» PROVIDED DATA
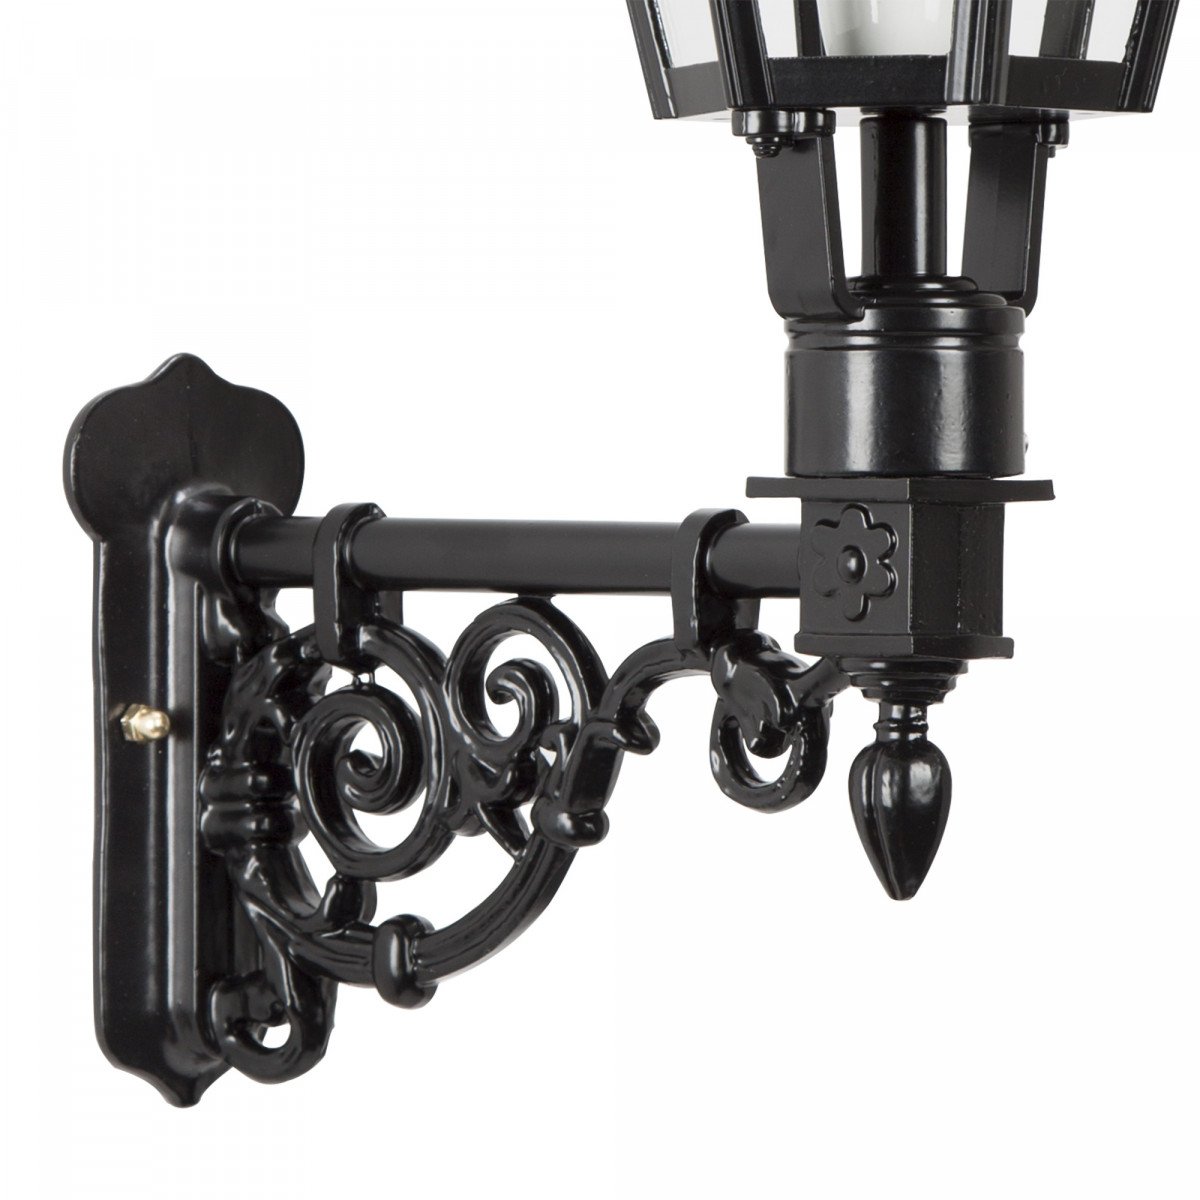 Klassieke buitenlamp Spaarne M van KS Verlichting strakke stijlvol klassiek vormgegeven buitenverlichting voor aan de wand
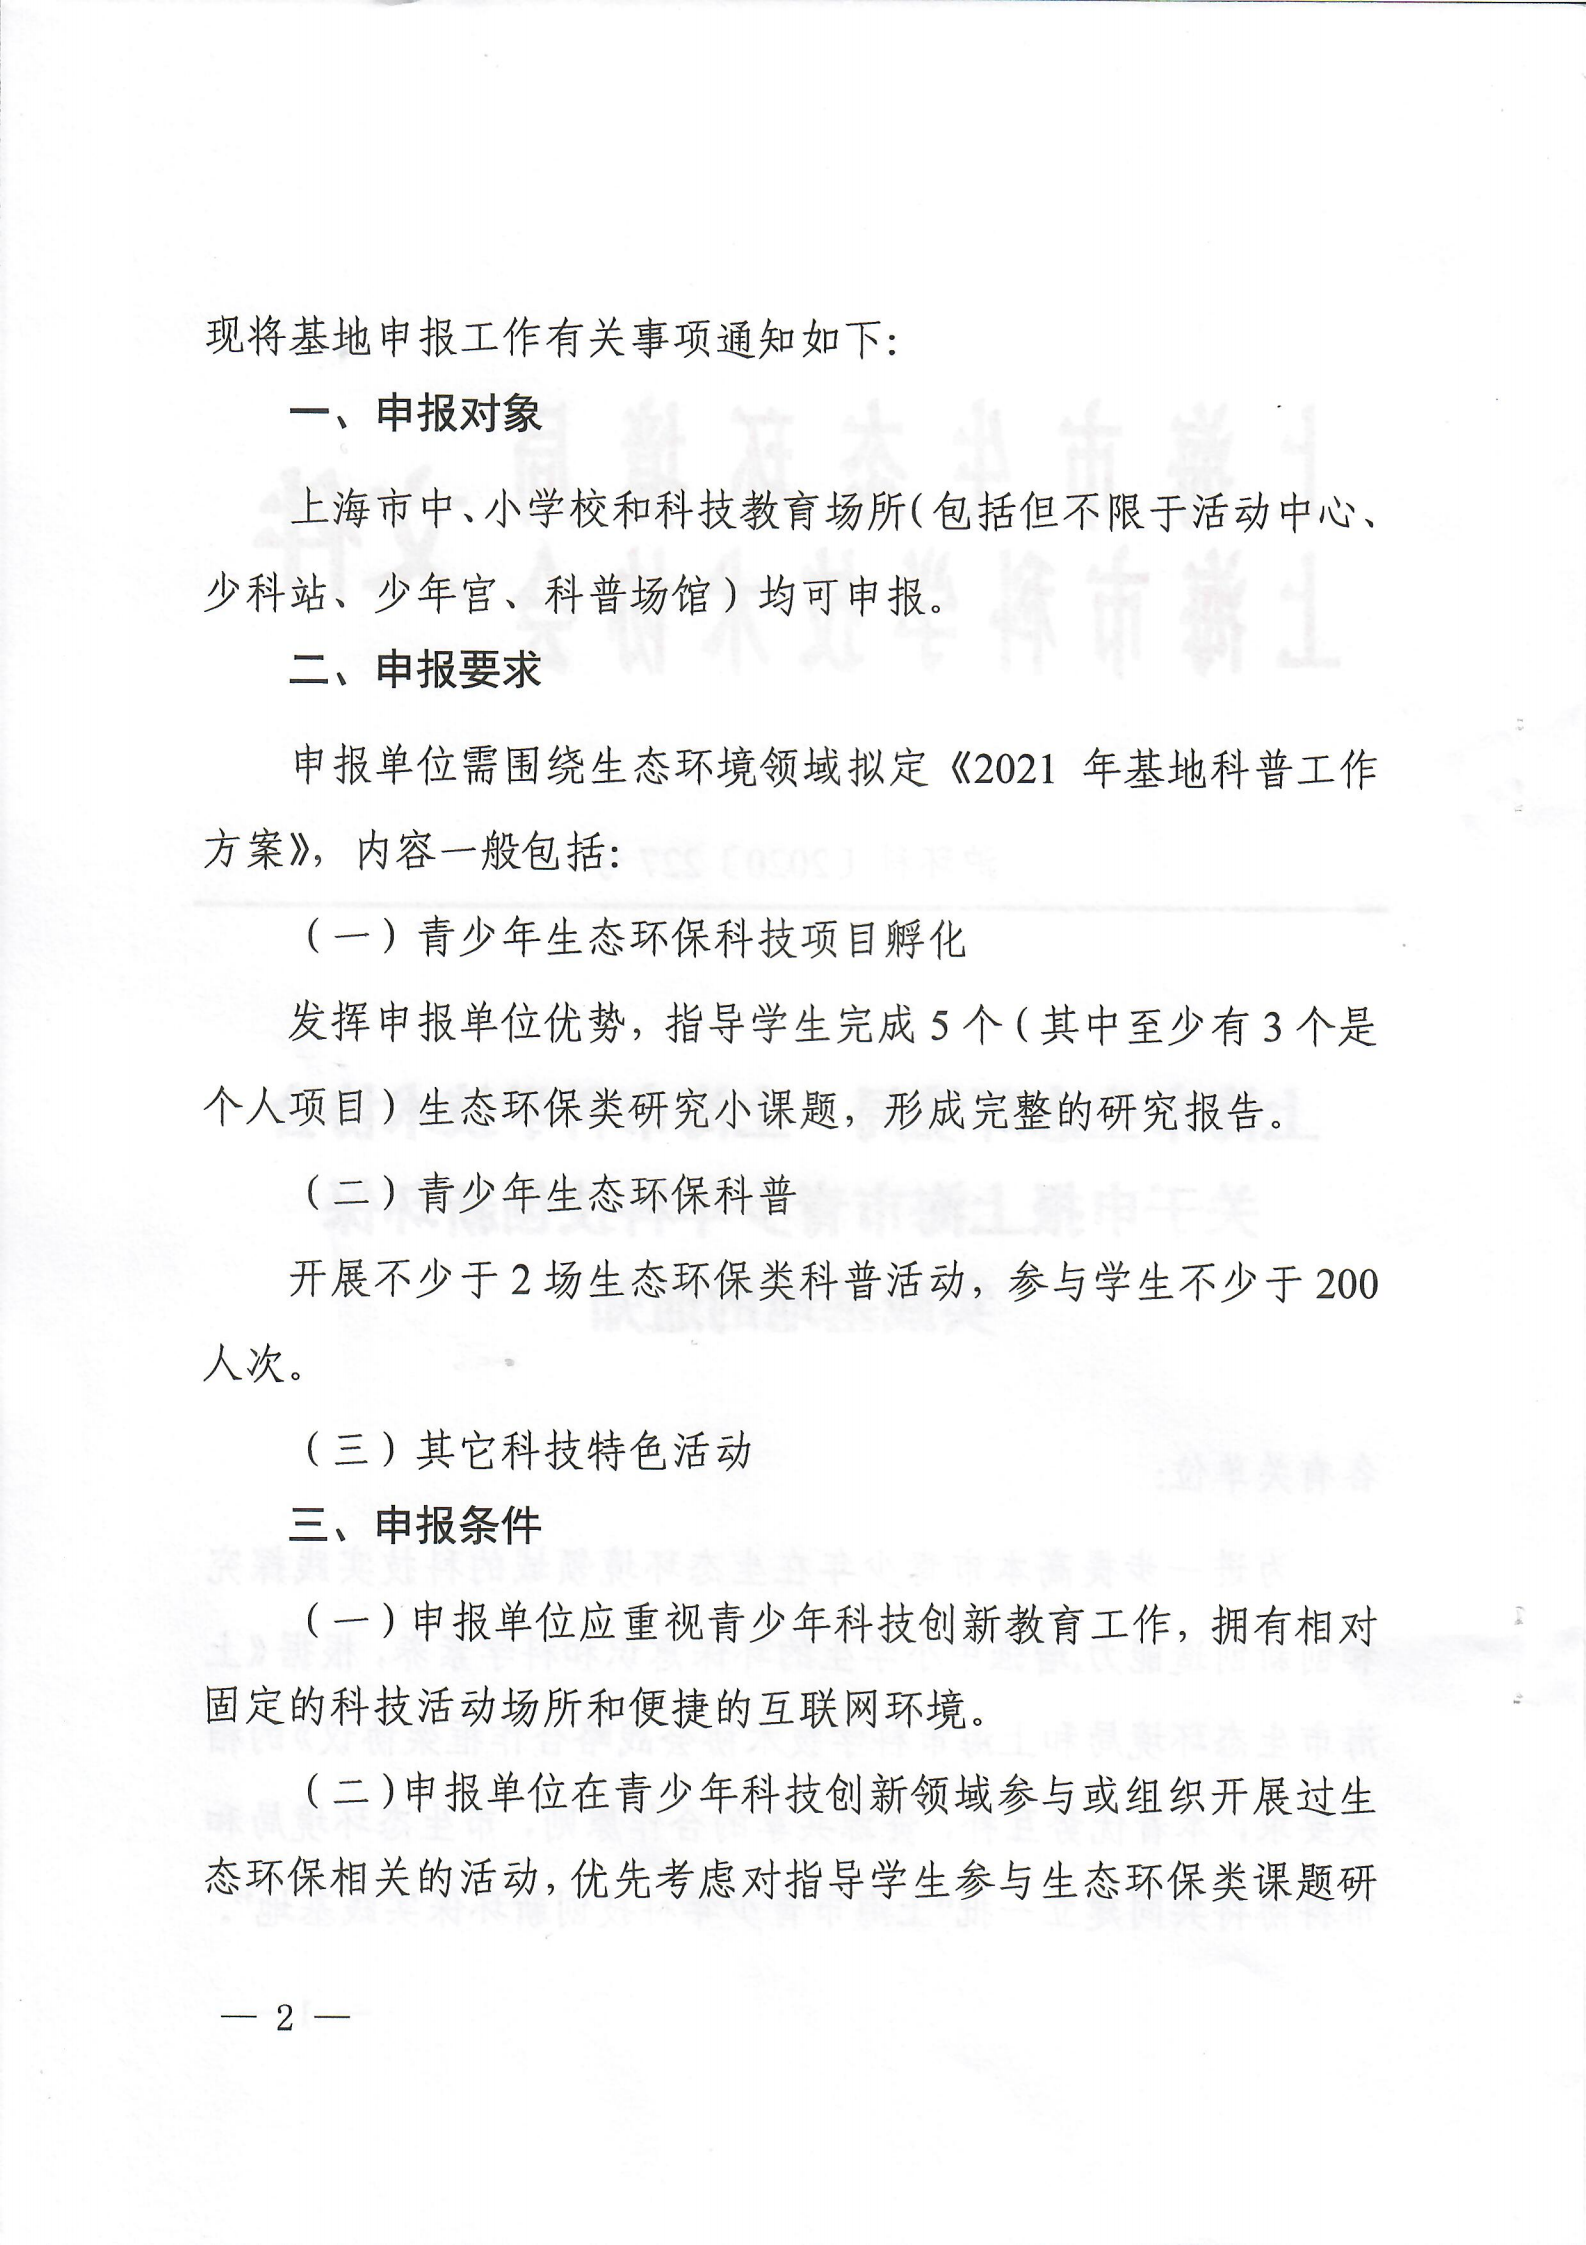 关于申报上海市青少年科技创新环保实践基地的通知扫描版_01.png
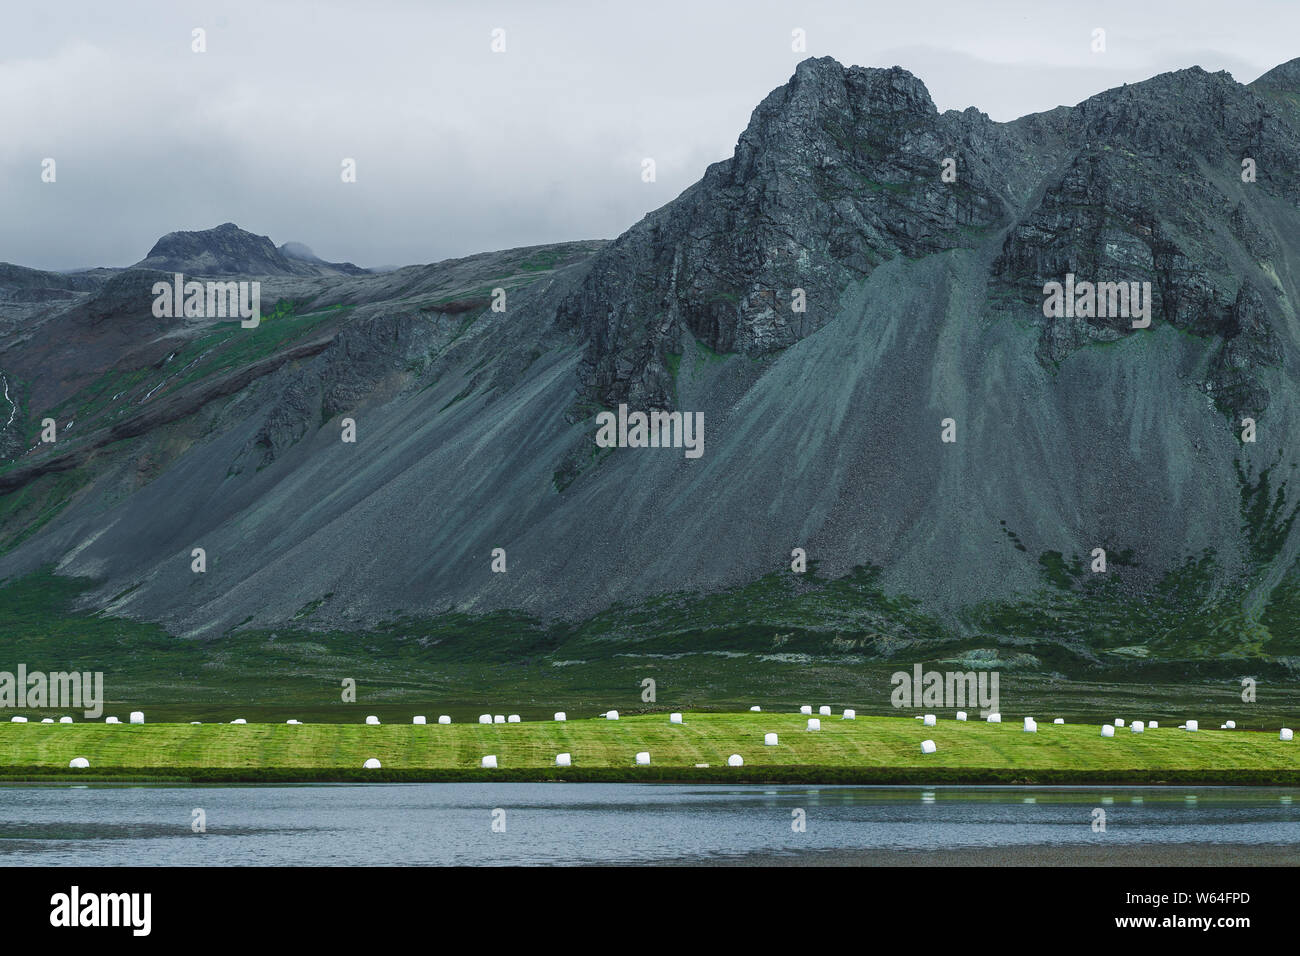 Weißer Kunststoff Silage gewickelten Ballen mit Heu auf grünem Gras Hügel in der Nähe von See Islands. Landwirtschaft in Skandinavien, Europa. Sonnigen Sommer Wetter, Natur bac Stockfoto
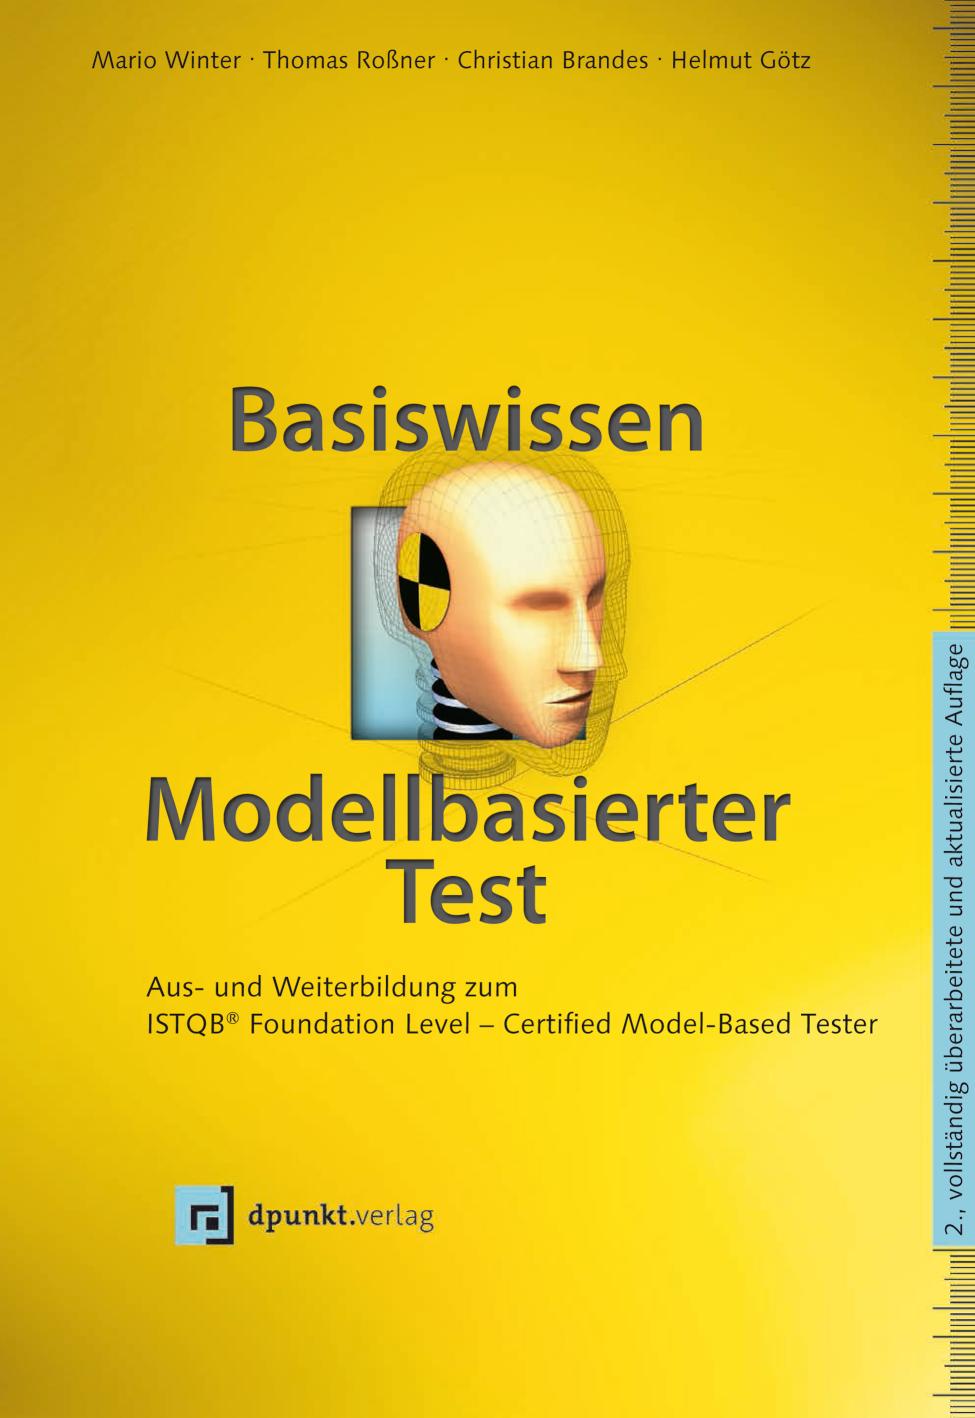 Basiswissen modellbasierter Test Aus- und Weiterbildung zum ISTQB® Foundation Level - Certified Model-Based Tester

» WORK ORDER
Copy the listing above verbatim, leaving out pictures.

» ANSWER SECTION
 Klassieke buitenlamp Spaarne M van KS Verlichting strakke stijlvol klassiek vormgegeven buitenverlichting voor aan de wand
 关于申报上海市青少年科技创新环保实践基地的通知扫描版_01.png
 Weißer Kunststoff Silage gewickelten Ballen mit Heu auf grünem Gras Hügel in der Nähe von See Islands. Landwirtschaft in Skandinavien, Europa. Sonnigen Sommer Wetter, Natur bac Stockfoto
 Basiswissen modellbasierter Test Aus- und Weiterbildung zum ISTQB® Foundation Level - Certified Model-Based Tester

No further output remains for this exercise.